Which brings us back to our case studies. Initially, it would seem Ofili and Shonibare have got things right. Their works reference their skin colour yet they're ironic and playful about it. Mercury and Powell prove more problematic. They fulfil one of Gutmann's criteria by refusing the racial identity that their would-be oppressors would have foisted upon them: Asians don't front rock bands, Black Americans don't vote Republican. Mercury, however, proves a unique case. He has been reclaimed as the first Indian pop star to achieve global acclaim, but if we follow Gutmann, it is doubtful whether one can usefully talk about Freddie Mercury's colour. In fact it is arguable that the most Indian thing about Freddie was his attempt to hide it.

Think about this nugget of wisdom from Sonya Aurora-Madan, Indian-born lead singer of Echobelly: 'Even though I've got brown skin I consider myself to be quite British. I don't really speak very good Indian.' A similar, if more articulate, sentiment runs through most interviews with Anish Kapoor, despite the obvious subcontinental connotations of his sculptures. Even Karim Amir's description of going to a football match in Hanif Kureishi's The Buddha of Suburbia, 'where I forced Changez to wear a bobble-hat over his face in case the lads saw he was a Paki and imagined I was one too', suggests that there might be some sort of exodus here away from groups which have never widely been perceived as particularly cool. If the key to colour consciousness is a knowing contingency, there is nothing wrong with following Mercury's example, but in certain cases it seems only to lead to reinforcing the racial stereotypes which Gutmann so wants to escape.

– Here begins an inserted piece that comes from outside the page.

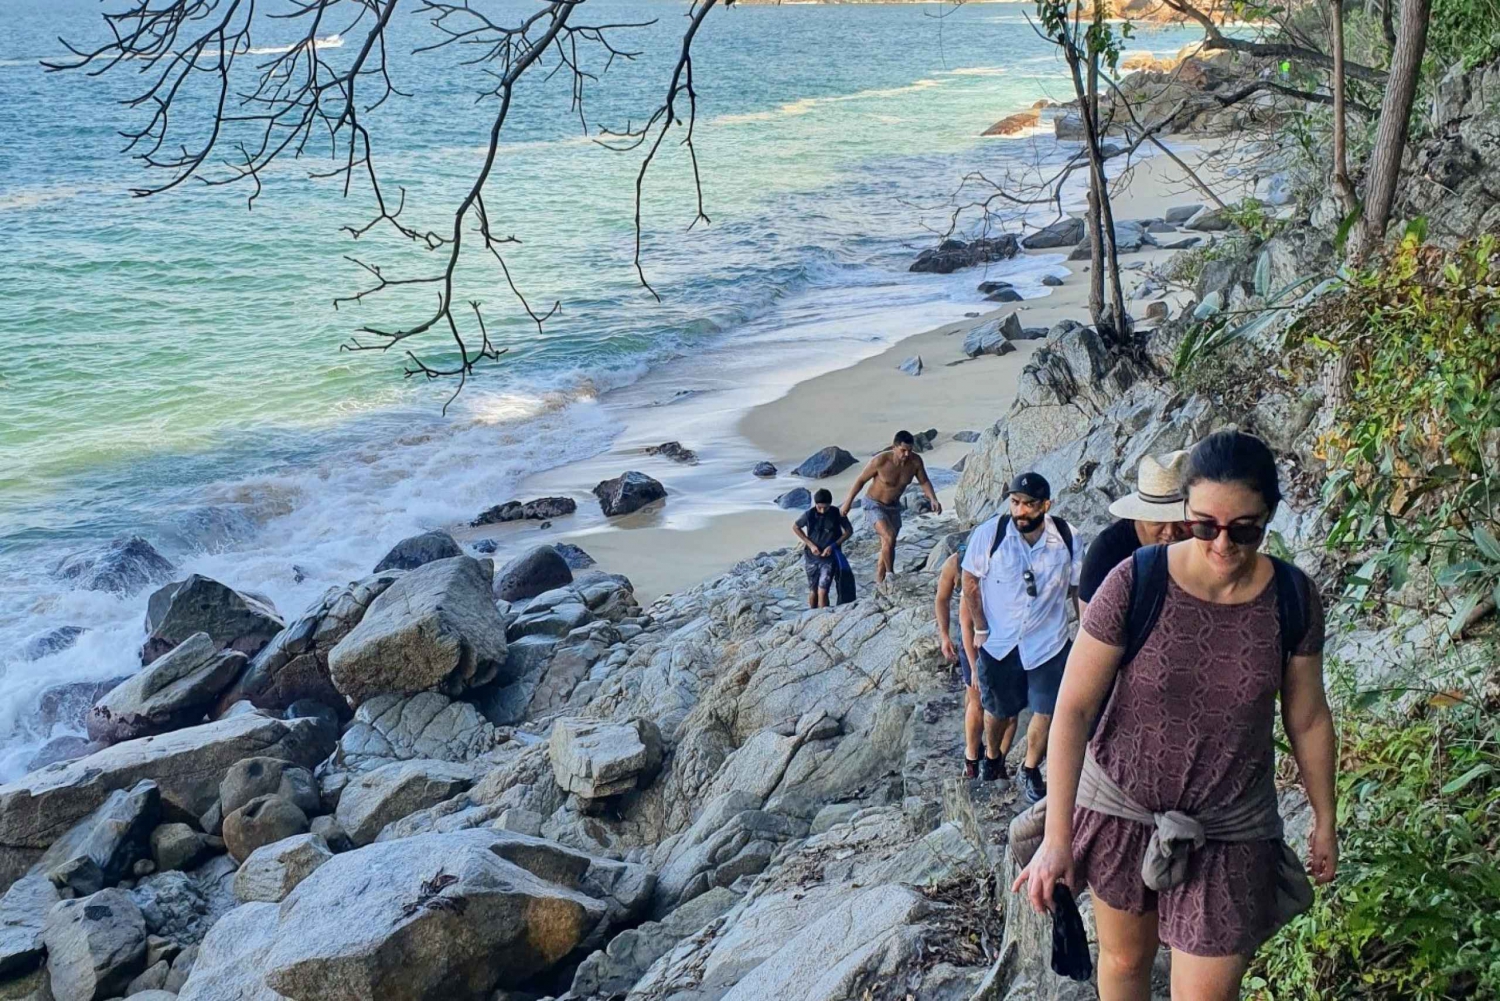 Puerto Vallarta: Full Day Hike to 6 Hidden Beaches & Snorkel

Powell would also win points for being a Republican, which by extension would mean he would have won more points for becoming a member of a far-right neo-Nazi group, smashing yet another racial stereotype in that heroic Gulf War Commander way, and all of this without him even strictly (whatever that means) being black. As Terry Eagleton has pointed out, trying to fight evil essentialisms such as race with contingent irony is a losing game. And poor old Freddie, singing increasingly theatrical songs about the end of the road being nigh, making his fans cry and the rest of us cringe, perhaps knew that all along.